_Problem description:_ The records below need to come back exactly as they are, pictures omitted.

─── Material shown

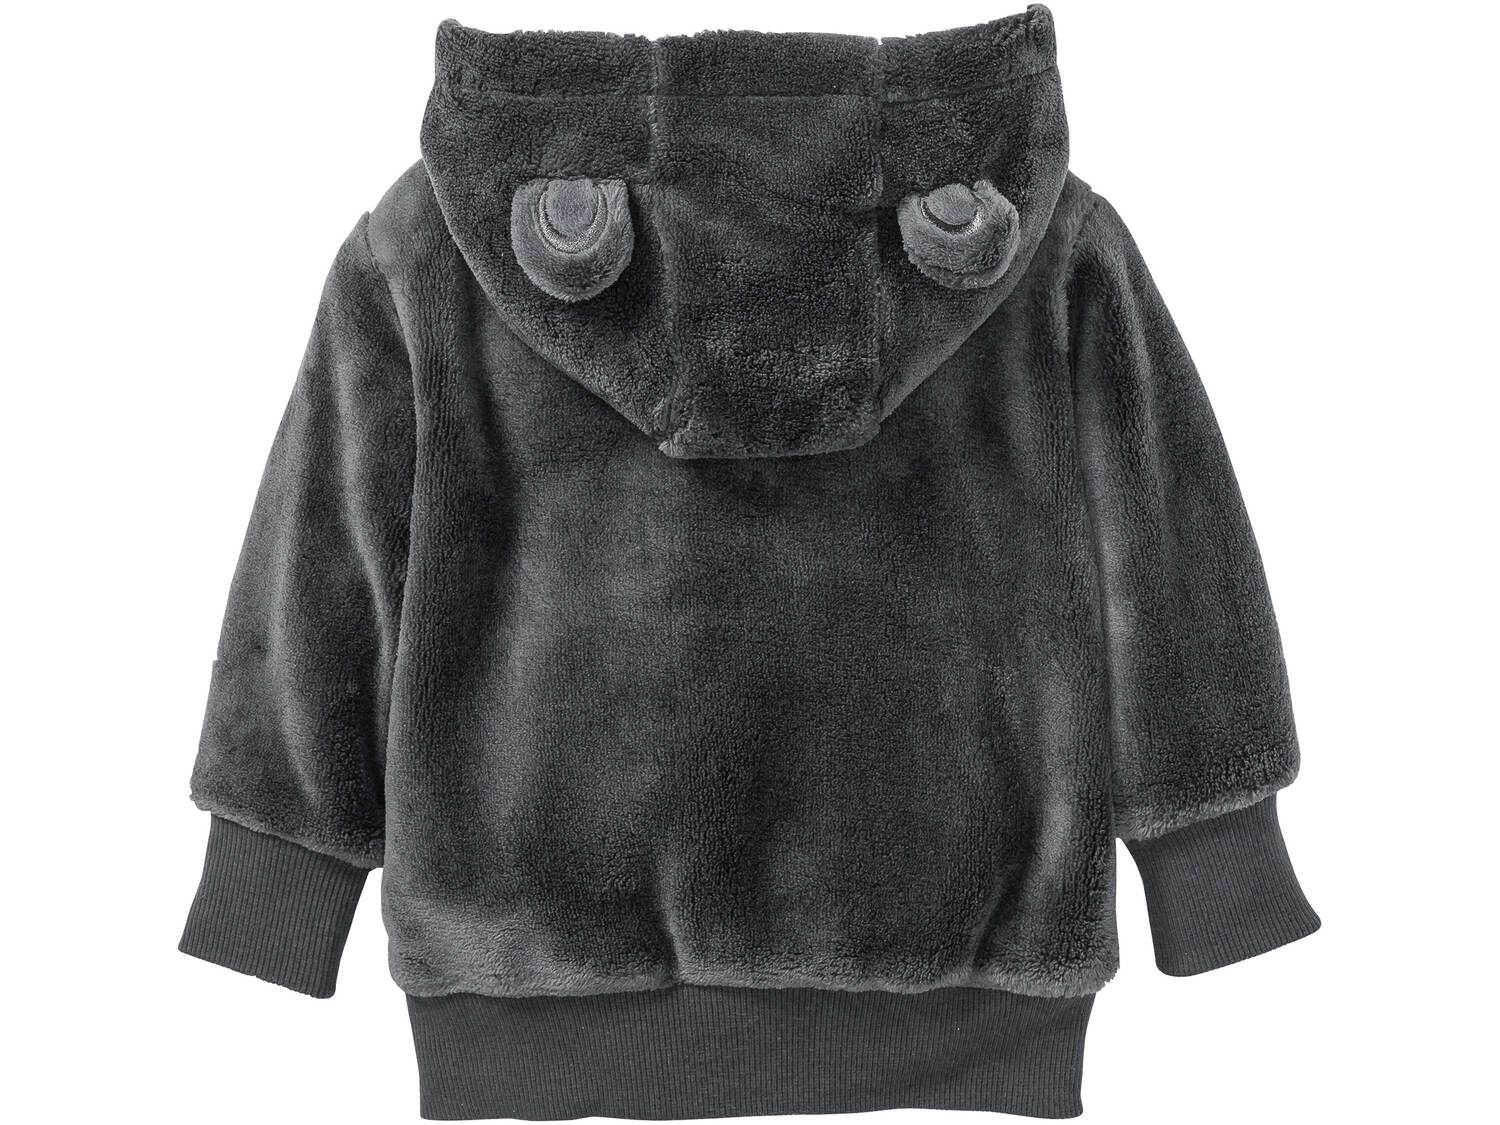 Bluza polarowa Lupilu, cena 22,99 PLN 
- rozmiary: 62-92
- z miękkiego, przytulnego ...
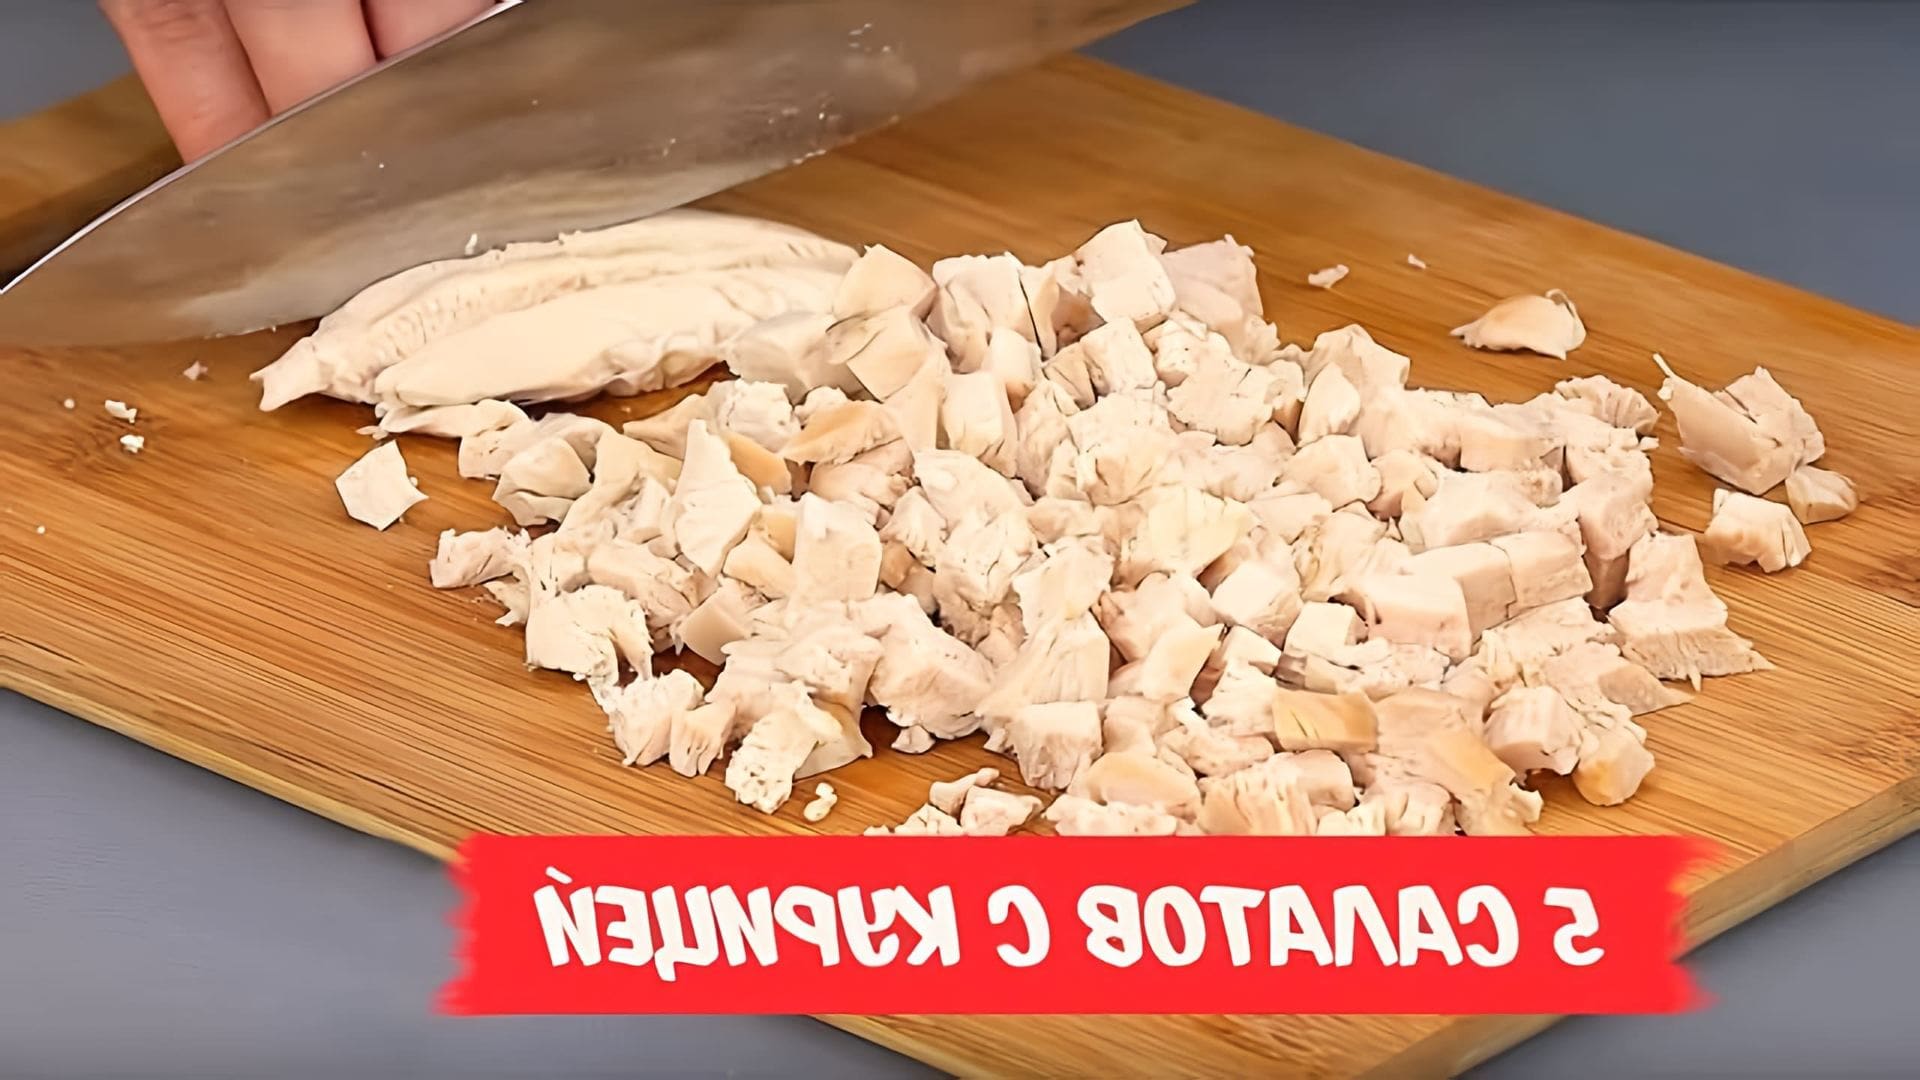 Видео рецепты для 5 салатов с курицей, которые часто подаются на праздничных случаях
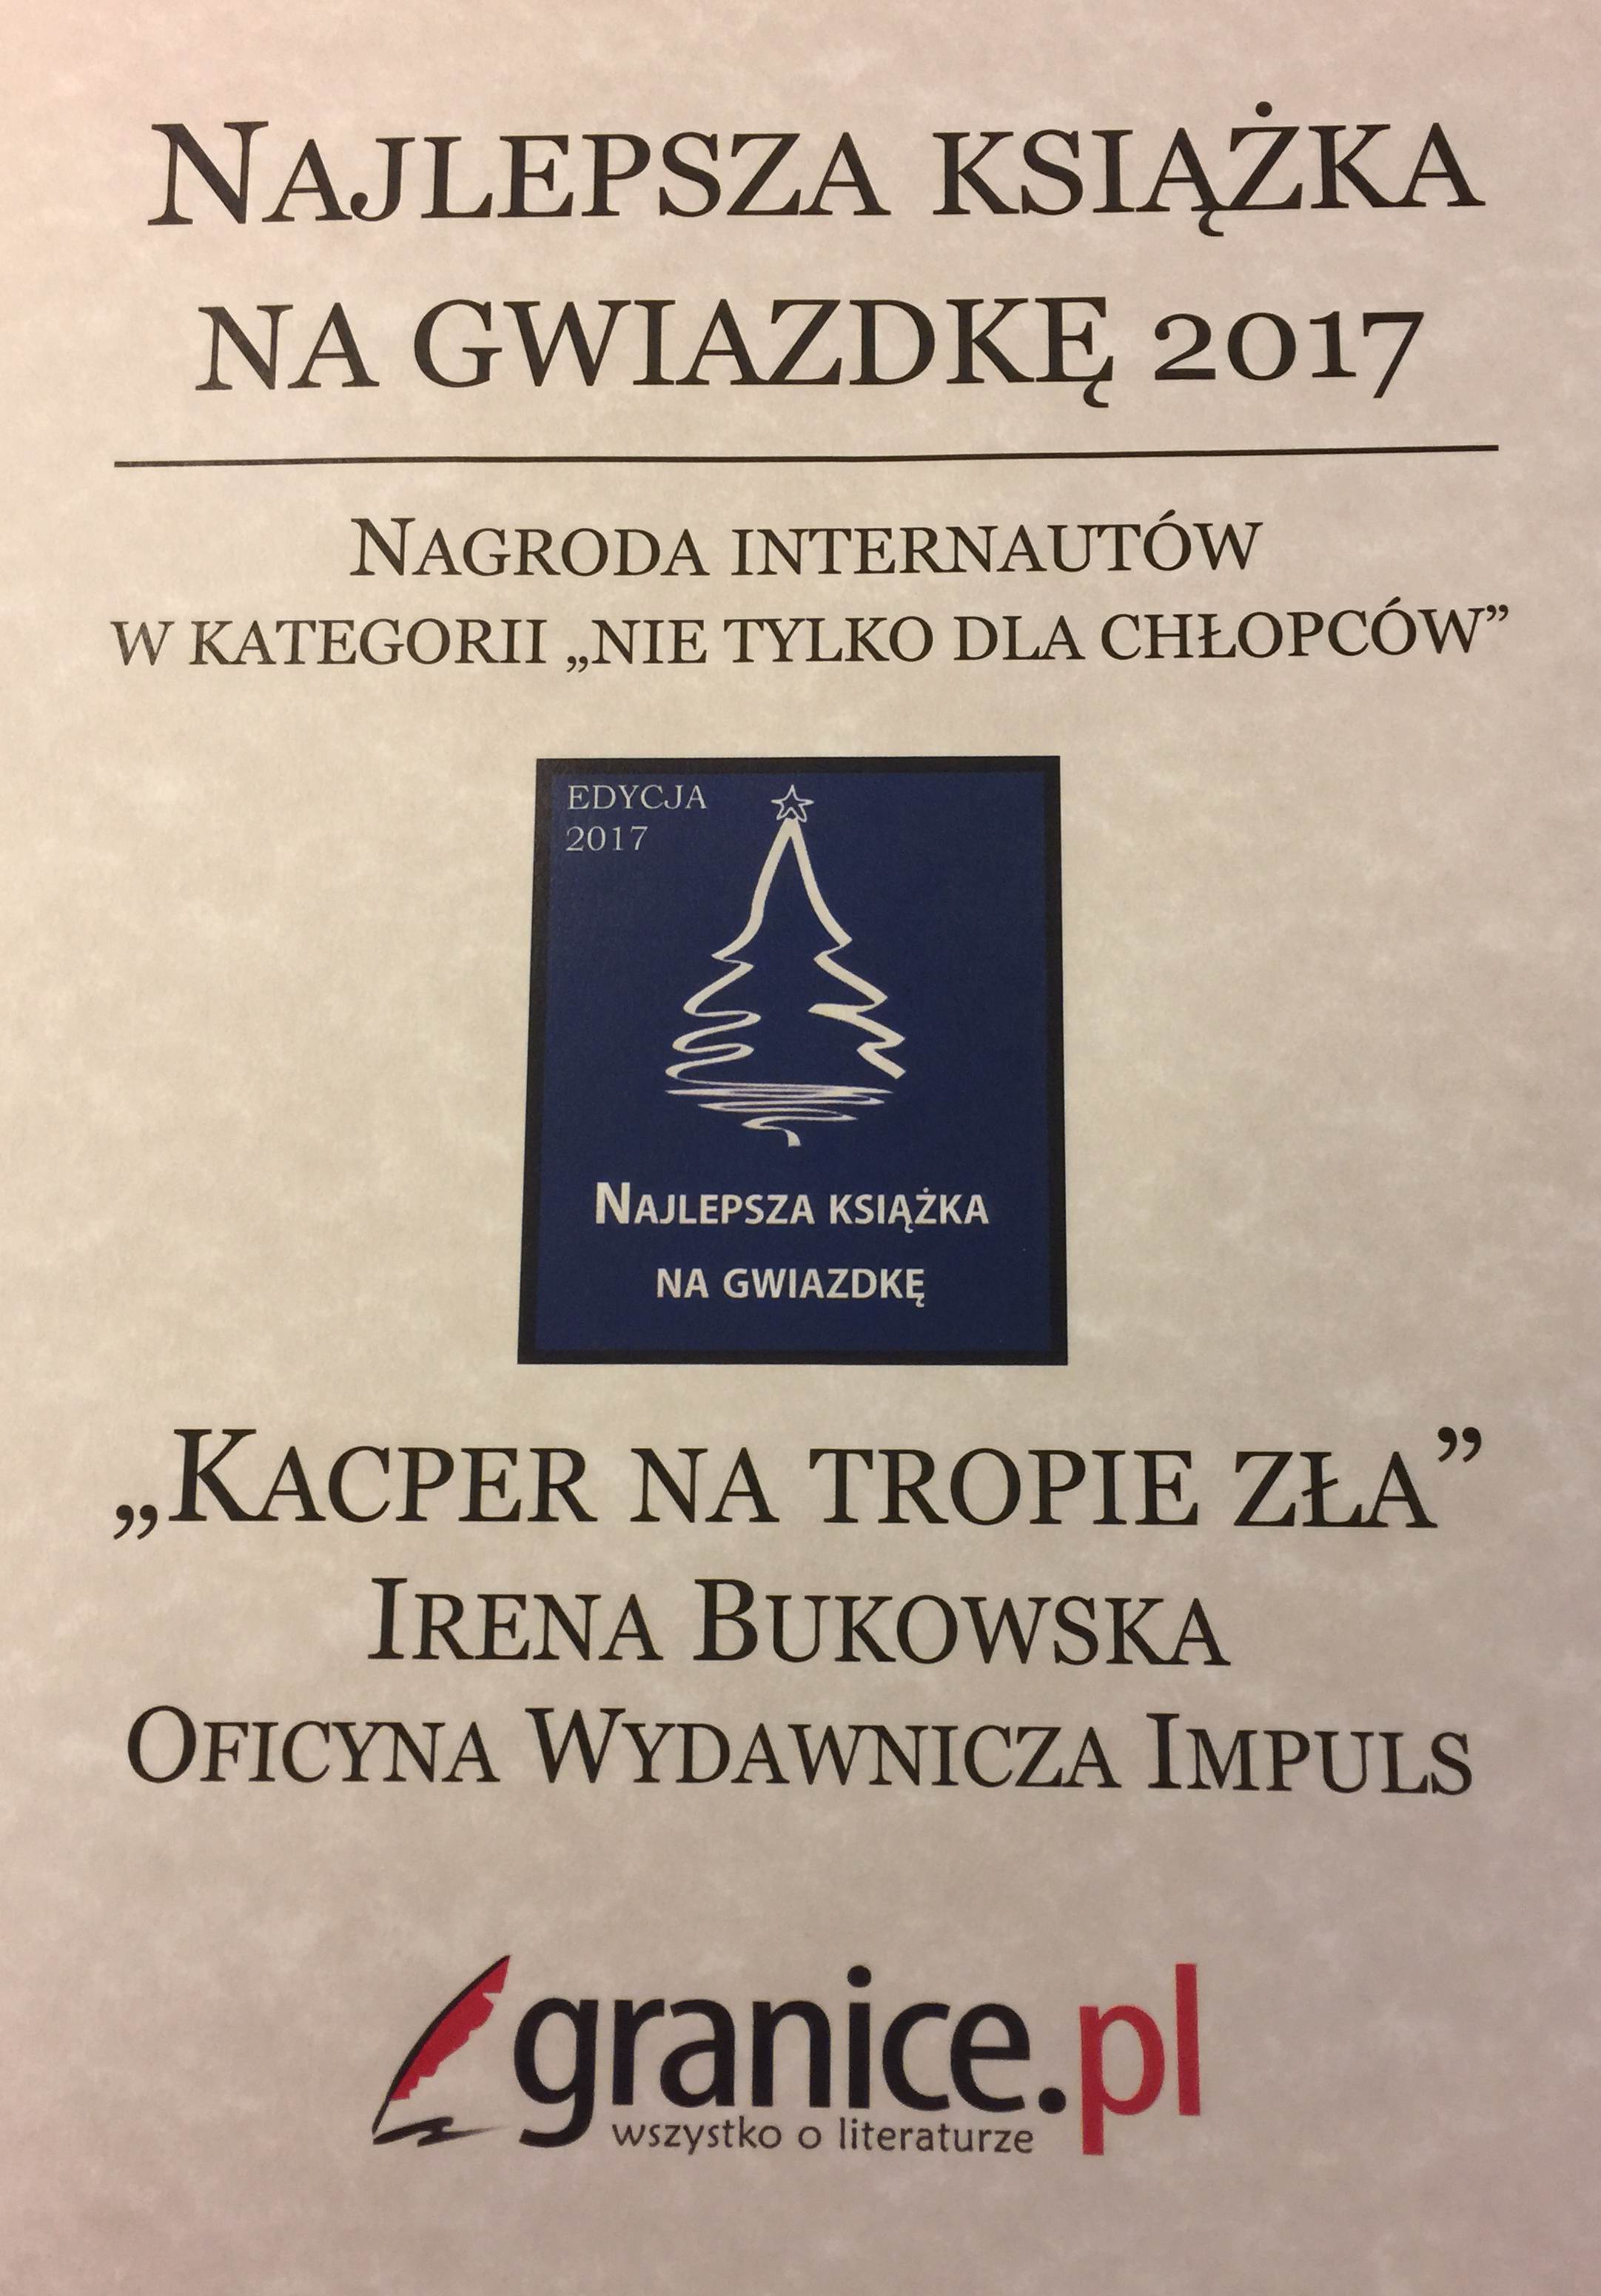 Duplom za Najlepszą KSiązke na Gwiazdę

──────

_Response to the task:_
 Bluza polarowa Lupilu, cena 22,99 PLN 
- rozmiary: 62-92
- z miękkiego, przytulnego ...
 Видео рецепты для 5 салатов с курицей, которые часто подаются на праздничных случаях
 Duplom za Najlepszą KSiązke na Gwiazdę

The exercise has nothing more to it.